Buuuuuuuuuuuuuut I think I know the truth now. Or, at least some of it.
When I first started this tumblr it was entirely for me to shout into the void and screw around in a fandom I was really excited about. It was a chance for me to rave about my OCs like everybody else. And that wouldn’t have been a big deal if things hadn’t gone like they did. But: they did, and my responses are my own, and that’s my issue to deal with.
The long and short of it is this: back in the spring I joined a group that was made up of a bunch of people in the fandom who were all friends of this main person. We all enjoyed each others’ company, and besides some . . . sticky situations which I won’t go into, we all just had a fun time talking about SWTOR. What was really nice was that I felt like I had a voice? And I wasn’t always being put down for being outrageous or energetic or excited. That was a really nice thing.
And then things began to shift.
I want to preface this by saying that I have no bad feelings towards anybody, because that would be shit, but I also want to make it clear: lots of the things I felt have been motivated by trauma from my own history, i.e. abuse. So that’s why I have been responding in the ways I have been. Regardless of that, the people I’m talking about are all fantastic, even if I won’t name them by name, because privacy.

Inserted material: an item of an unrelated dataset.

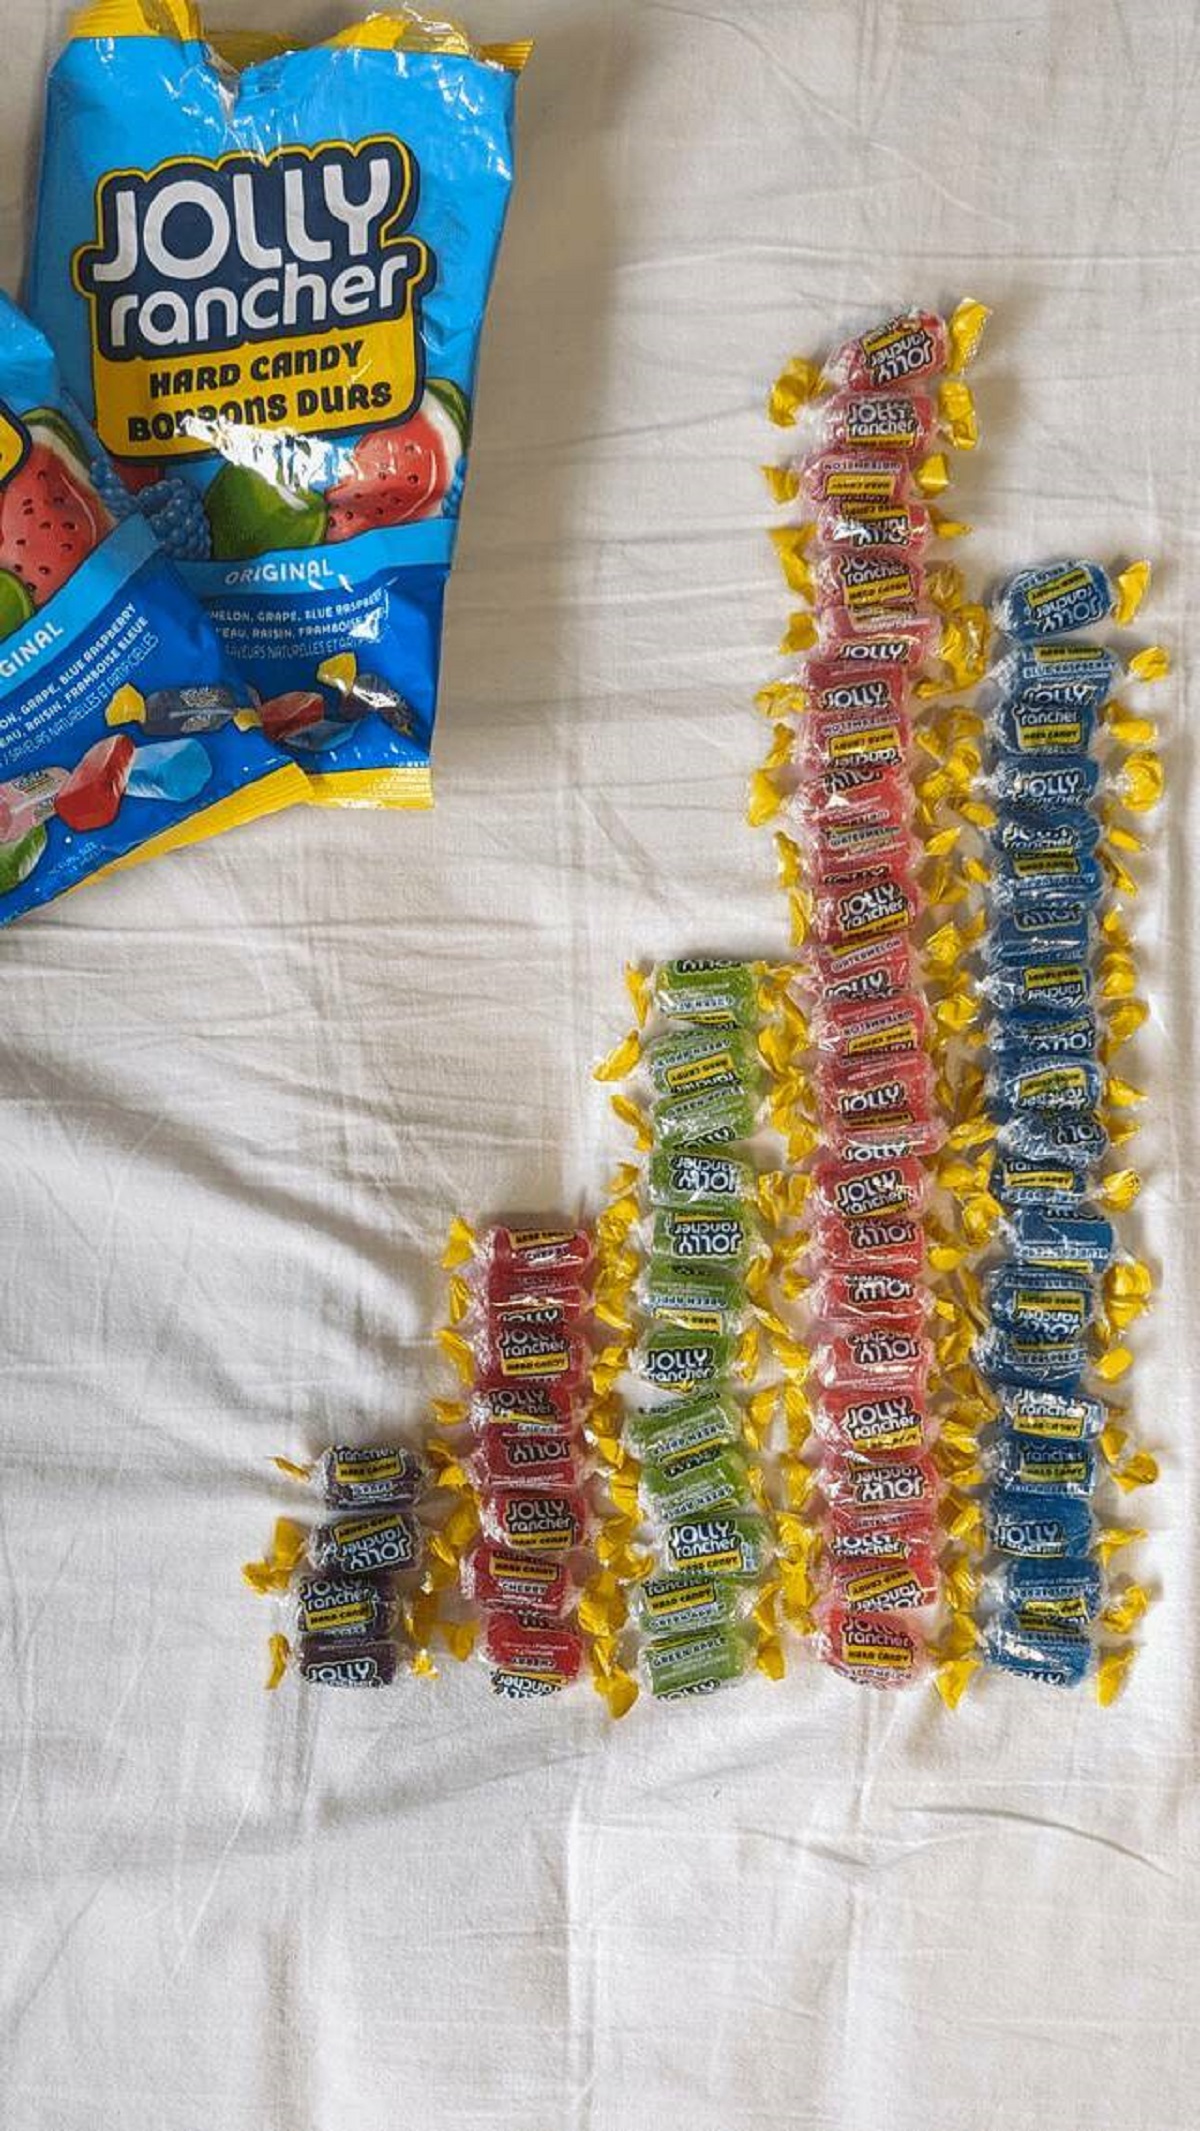 "Uneven distribution of Jolly Ranchers in 2 400g (7oz) bags."

Some people in the group began to click really well with one another; some of them began to become really popular in ways that I got to watch from the sidelines. That’s not anybody’s fault; it happens. When people have good content and ideas, that stuff happens. These people are still my friends, and I’m happy for their successes.

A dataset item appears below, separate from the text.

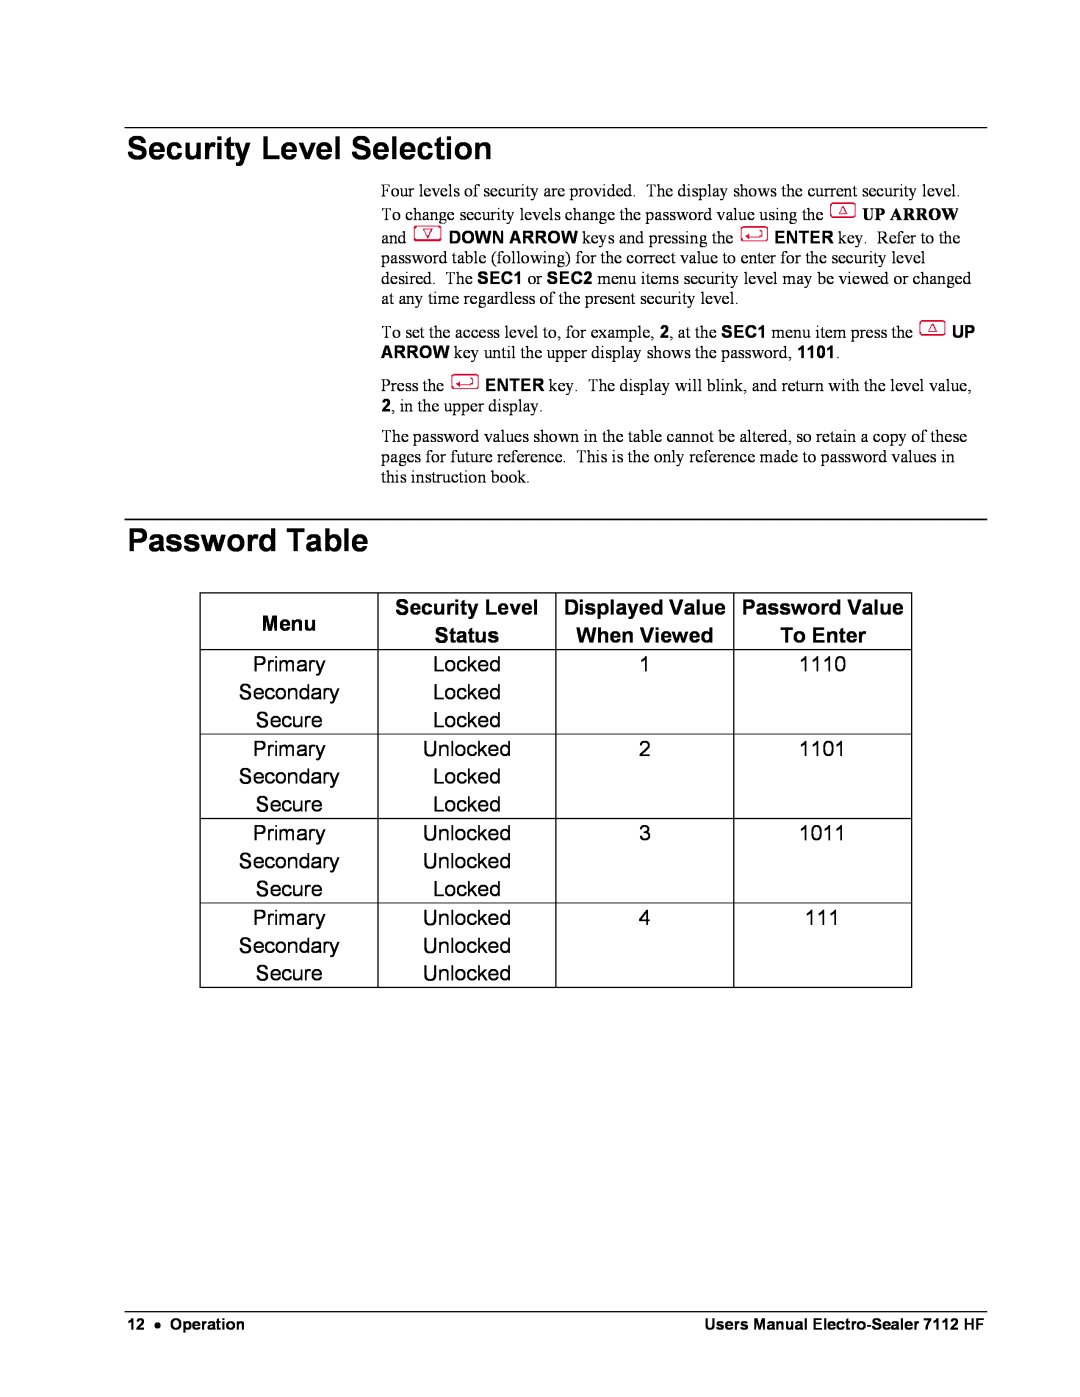 Avery 7112 HF user manual Security Level Selection, Password Table

Well . . . or at least I want to be.
But some part of me started getting upset about it. It was this little voice that turned into this monster - why were they getting so much success when I was doing the same damn things in my corner, and at times better? Why were they becoming big when I wasn’t? It was more than that, too; I would make good content, KNOW it was good, KNOW I had an audience, but never got attention. I would churn out a post that got really popular - to me sixty notes was a godsend! - but almost nothing on my personal stuff. I was having moments of great success, but they never translated. It sort of became an obsession. I wanted to be relevant and interested and get attention. Unfortunately, it got to a point where I was feeling so proud of the stuff I was making, but couldn’t understand why they were never as popular as the rare 60+ or even 100+ notes I got on occasion. Everybody else was soaring and meanwhile I felt like I was sinking. So, I did what was best for me: I put this tumblr on hiatus and got the hell out of dodge for a little while.
I know this sounds a bit like a pity party - which I guess it is. I didn’t realize for a long time that this was how I was feeling. Now I’m a little closer to figuring it out, which is a blessing. But there’s still a lot of work to be done.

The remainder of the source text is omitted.